Covid Largo: Un estudio found that in white, middle-aged, female individuals, so-called “healthy BMI” and sleep duration were associated with reducing long COVID risk by about 15%.

This study suffered from demographic narrowness limiting generalizability. Further research is needed to understand risk factors of Long COVID among other population groups in order to properly identify racial and ethnic disparities.

Vincent Mor makes a comparison of Long COVID with stroke recovery, where it’s known that material economic conditions make large trajectory differences; given the number of folks with long COVID, this will be yet another mechanism increasing inequality.

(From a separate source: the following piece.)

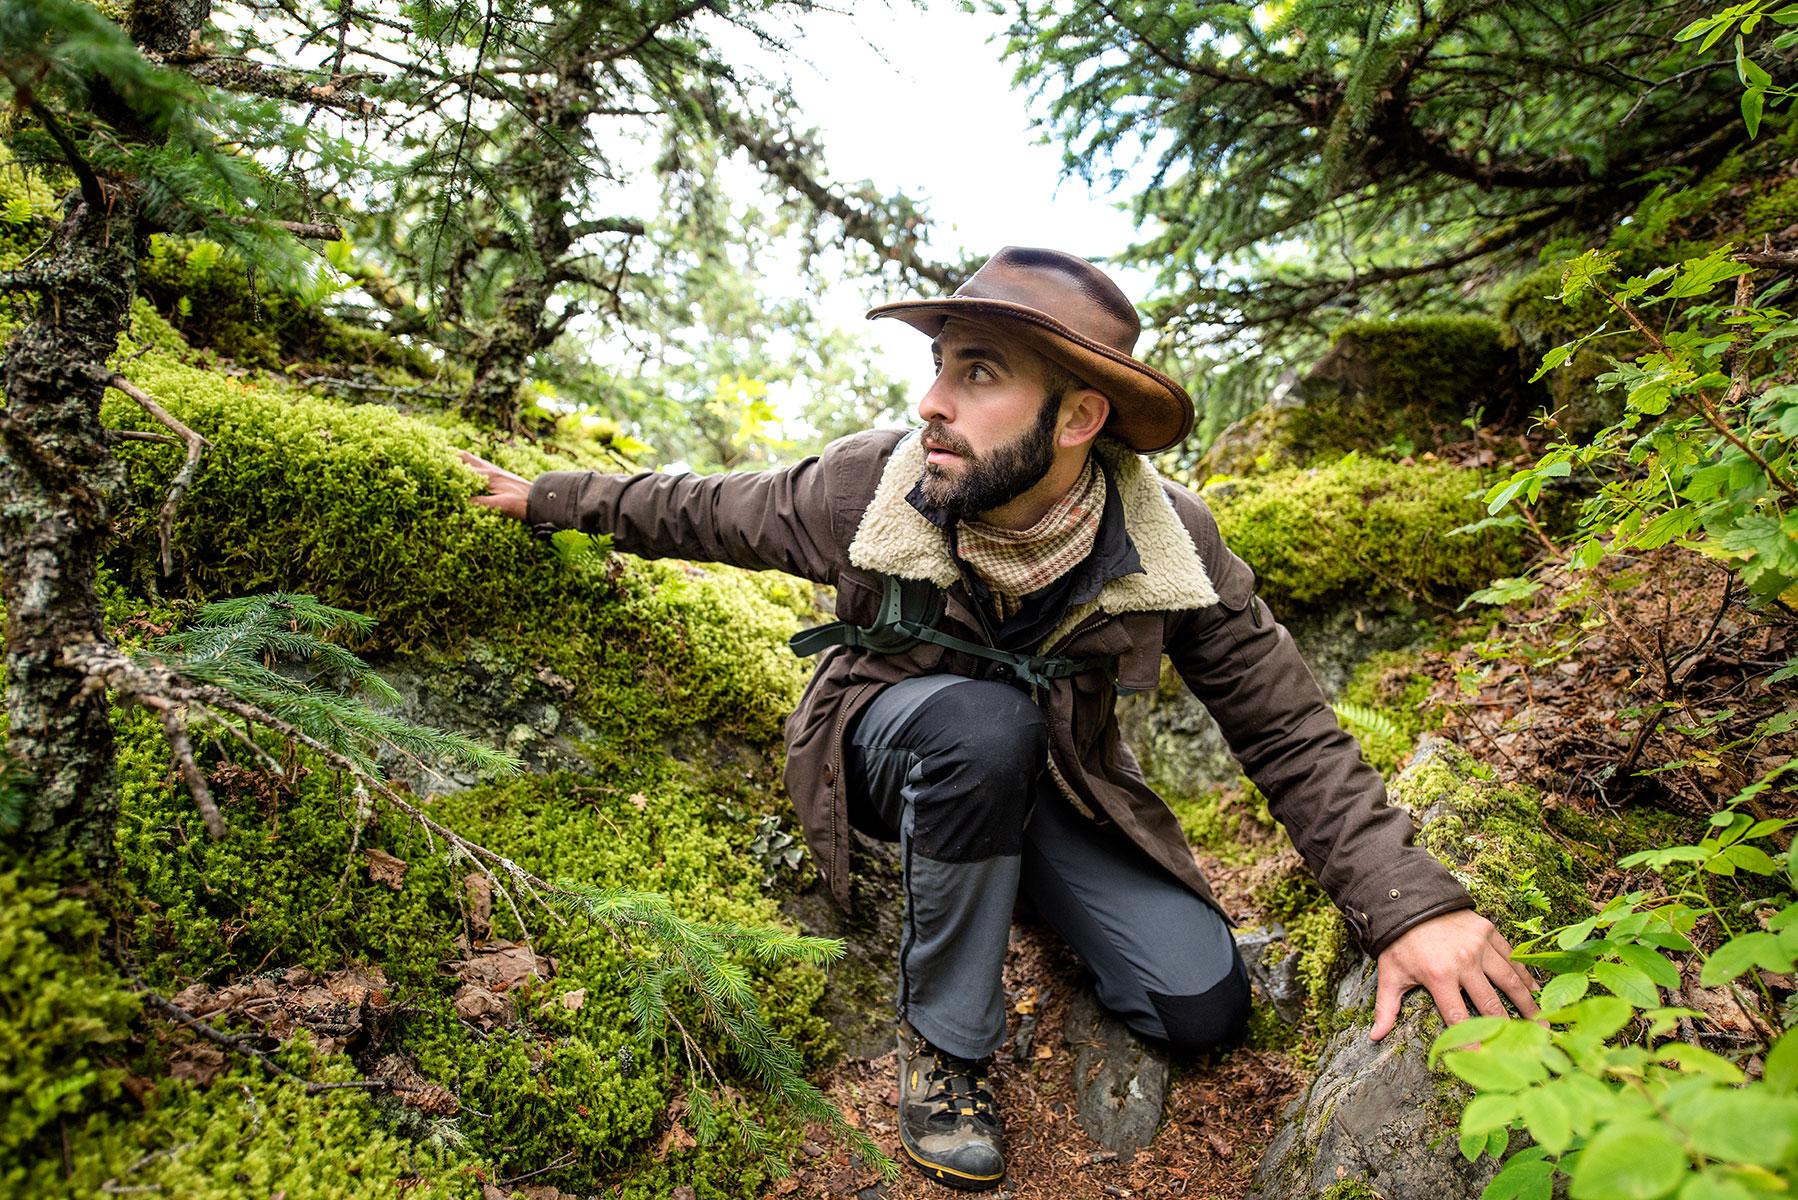 austin-trigg-brave-wilderness-alaska-BW-Coyote-Scopes-Chilkat-Park.jpg

Treatments: Un estudio found that VV116, an oral antiviral developed in China, has fewer adverse events than Paxlovid and is otherwise equivalent, showing that exceptional societal cost to US medicine is not necessarily borne out in exceptional medications.

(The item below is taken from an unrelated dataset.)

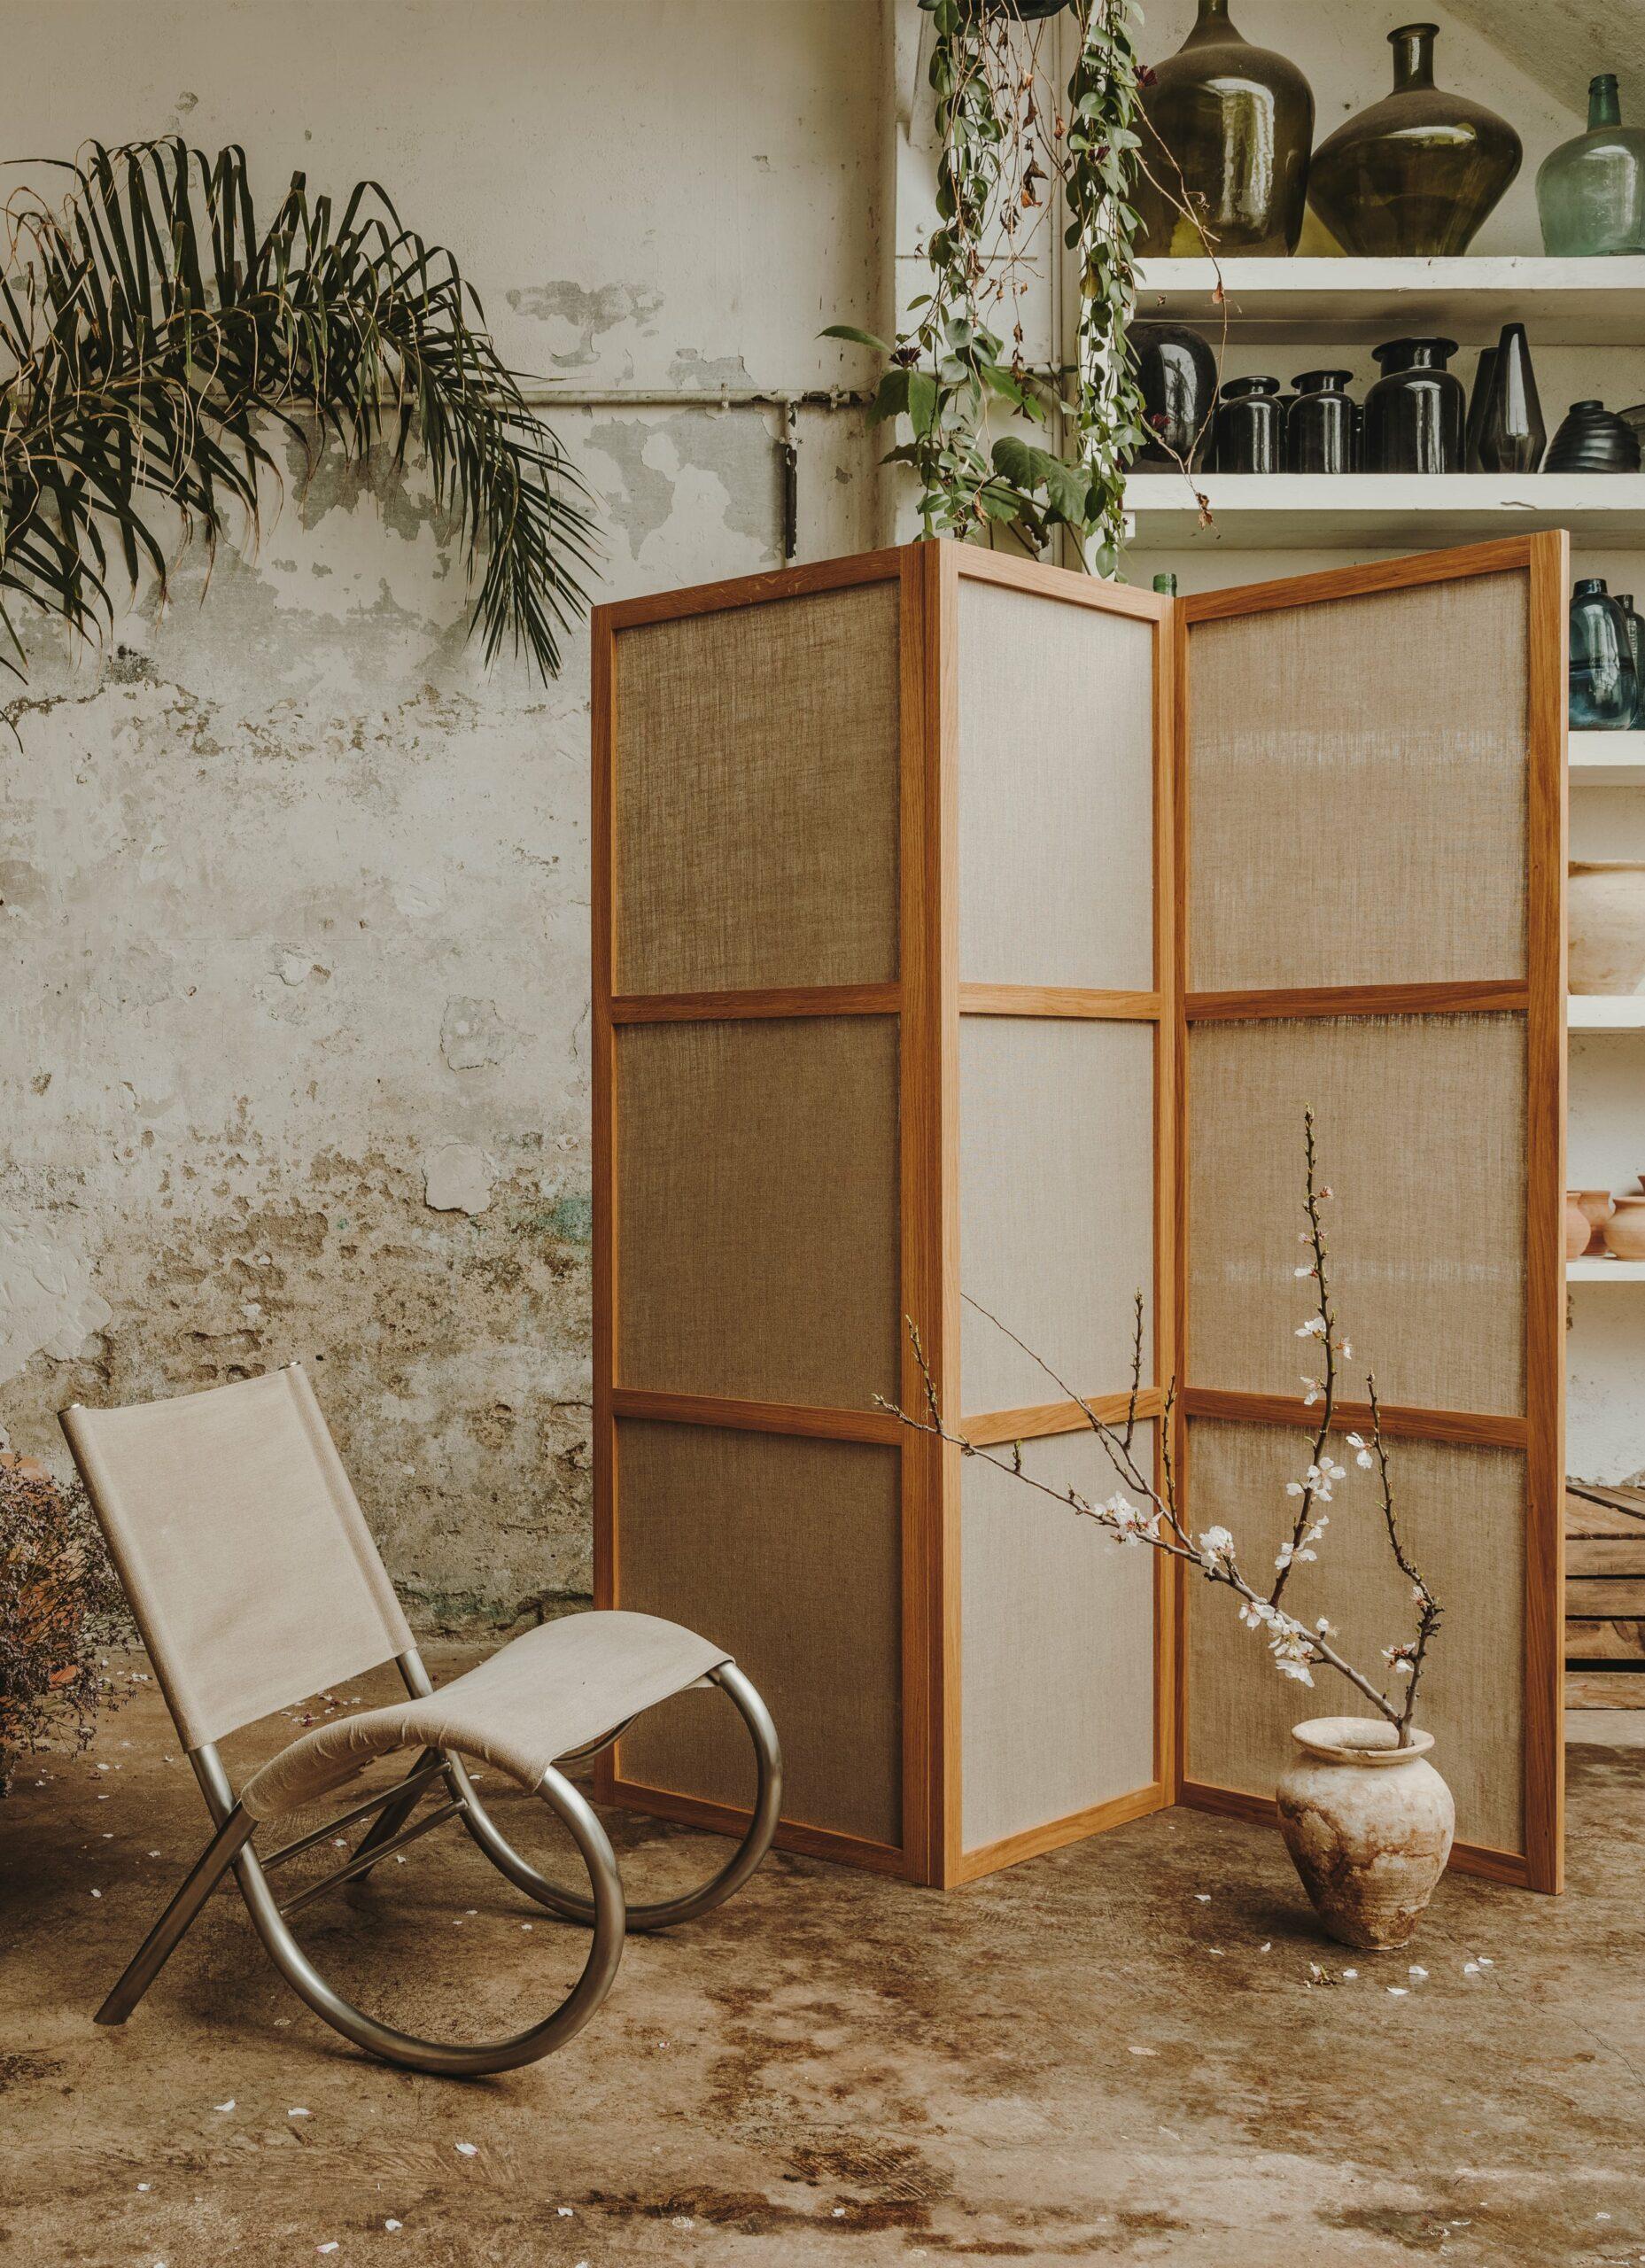 volta_voltavienna-concept-store-vienna-home-goods-interior-design-frama-apartamento-kinfolk-openhouse-minimalist-simple-living

There is some evidence that a developing interferon injection might reduce likelihood of severe COVID outcomes, but due to small sample size and lack of high effect strength evidence is not very strong and requires further research and evaluation.

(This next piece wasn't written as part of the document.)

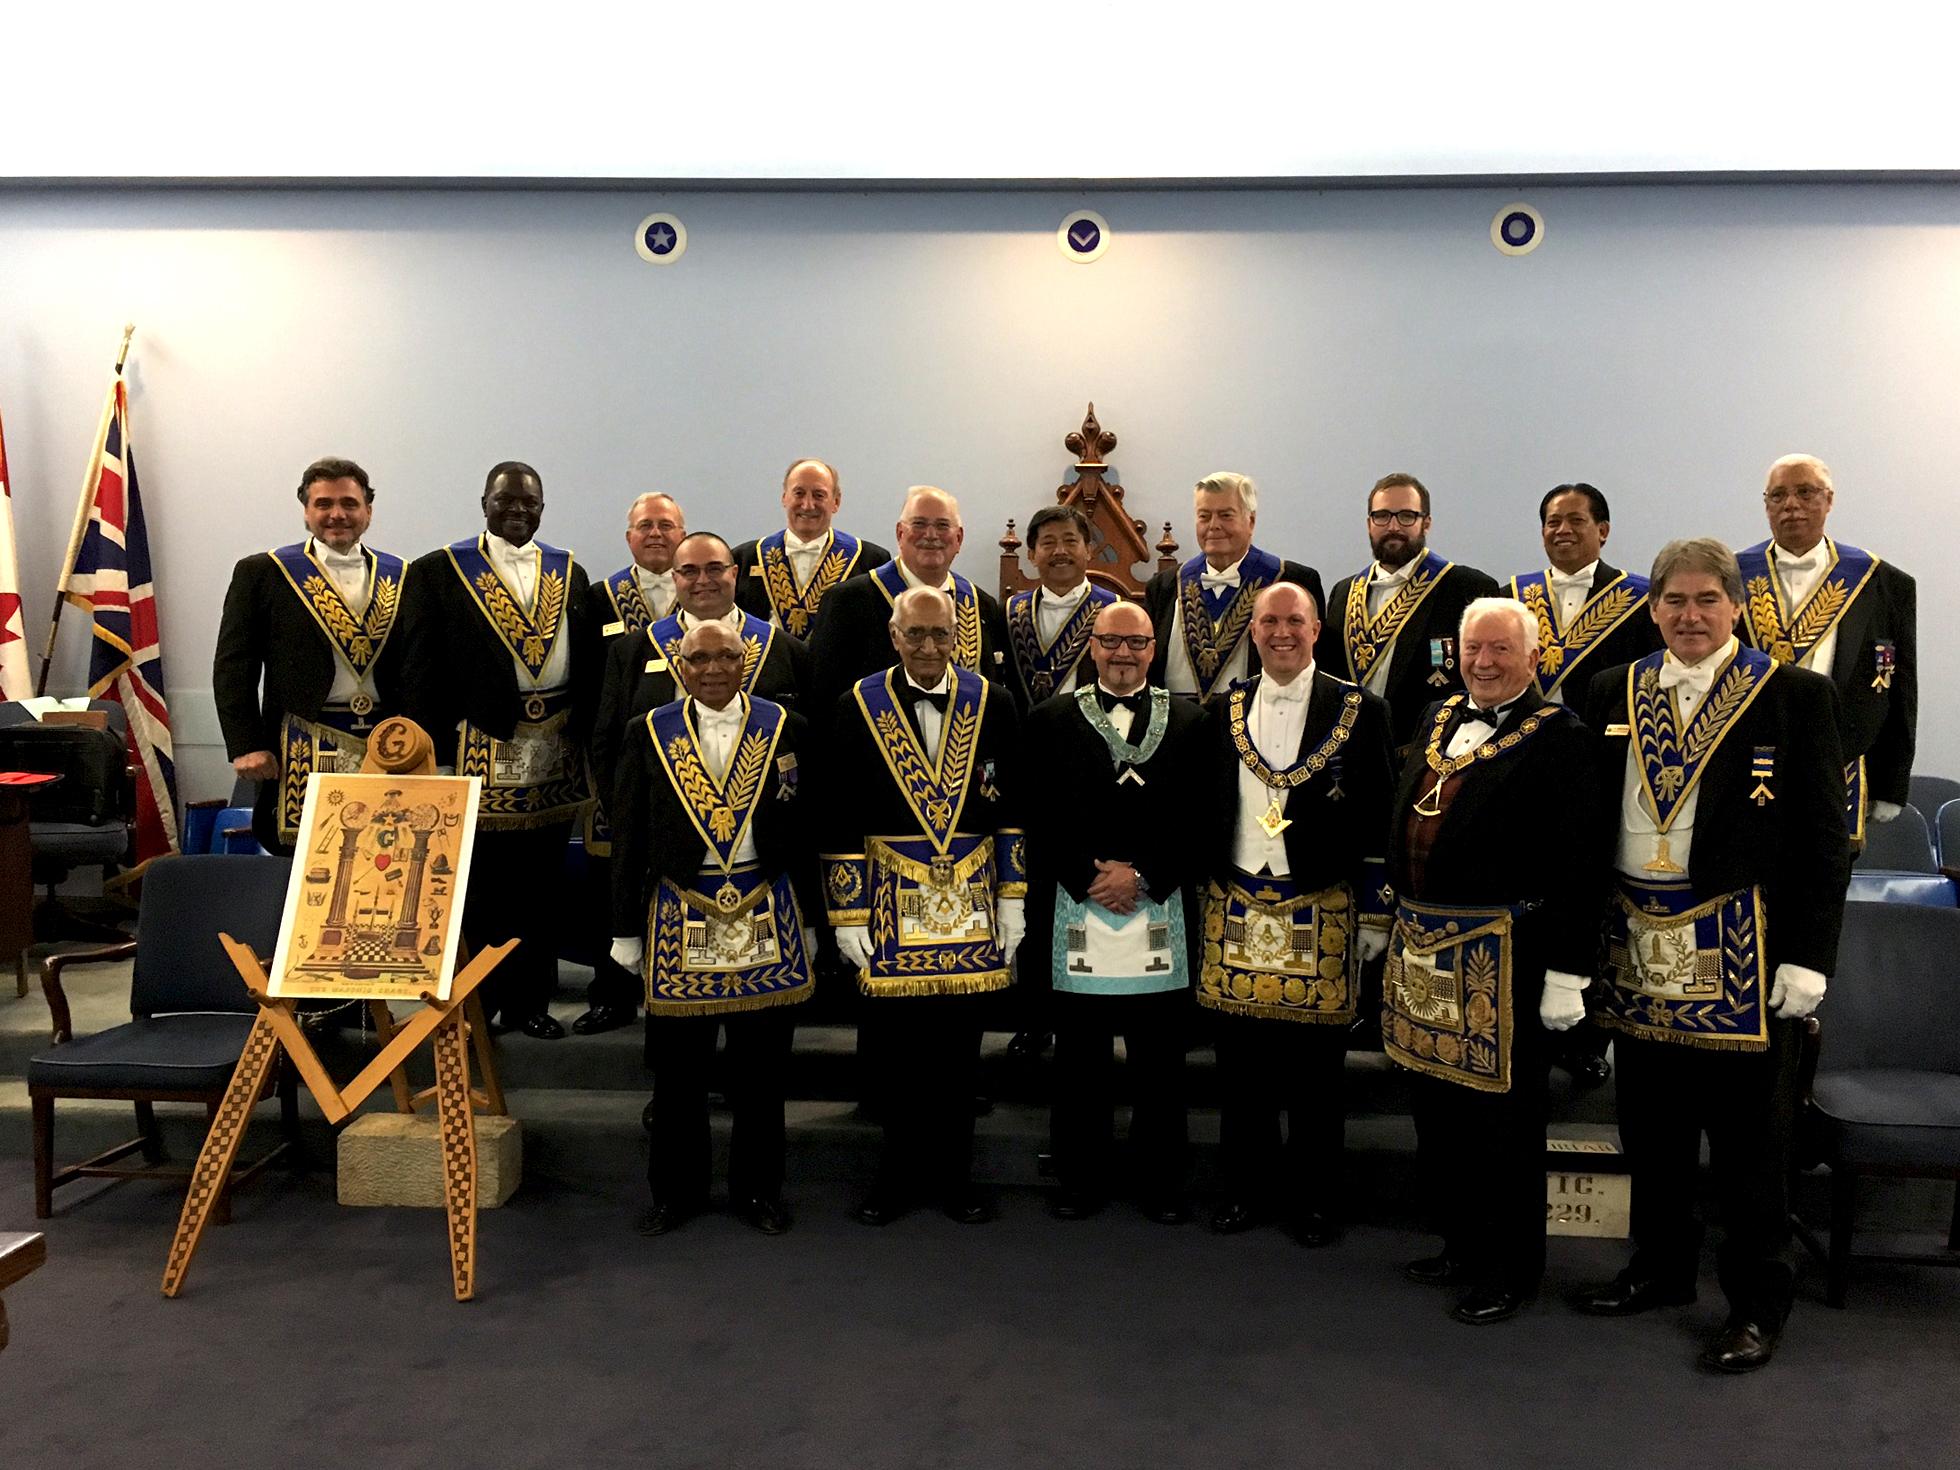 Grand Lodge Night - Chinguacousy

A consortium of researchers associated COVID during pregnancy with increased risk of severe complications or death, both to the pregnant individual and their child. Vaccination roughly halved the risk.

A study found that Molnupiravir increases the mutation rate of COVID, likely due to it attempting to prevent COVID RNA from replicating by mutating it, but sometimes failing and instead creating viable, mutated, virions.

Vaccines: Two (1, 2) separate studies found that the UK decision to increase time between first and second dose of mRNA vaccine from 3 to 12 weeks prevented roughly 10,000 deaths.

El CDC added COVID vaccines to its youth and adult recommendation schedules, although non-federal state or local jurisdictions determine school requirements and may not heed this recommendation.

Pronóstico: In addition to the consequences of ending the PHE reported last week – losing access to Medicaid & telehealth –  a pandemic-era boost to SNAP has already ended in 18 states, with the rest to follow at the end of February.

The government will also likely fail to prevent drug companies from raising the price of mRNA vaccines to more than $110 a dose, creating further disparate impact to those who have insurance and those who do not.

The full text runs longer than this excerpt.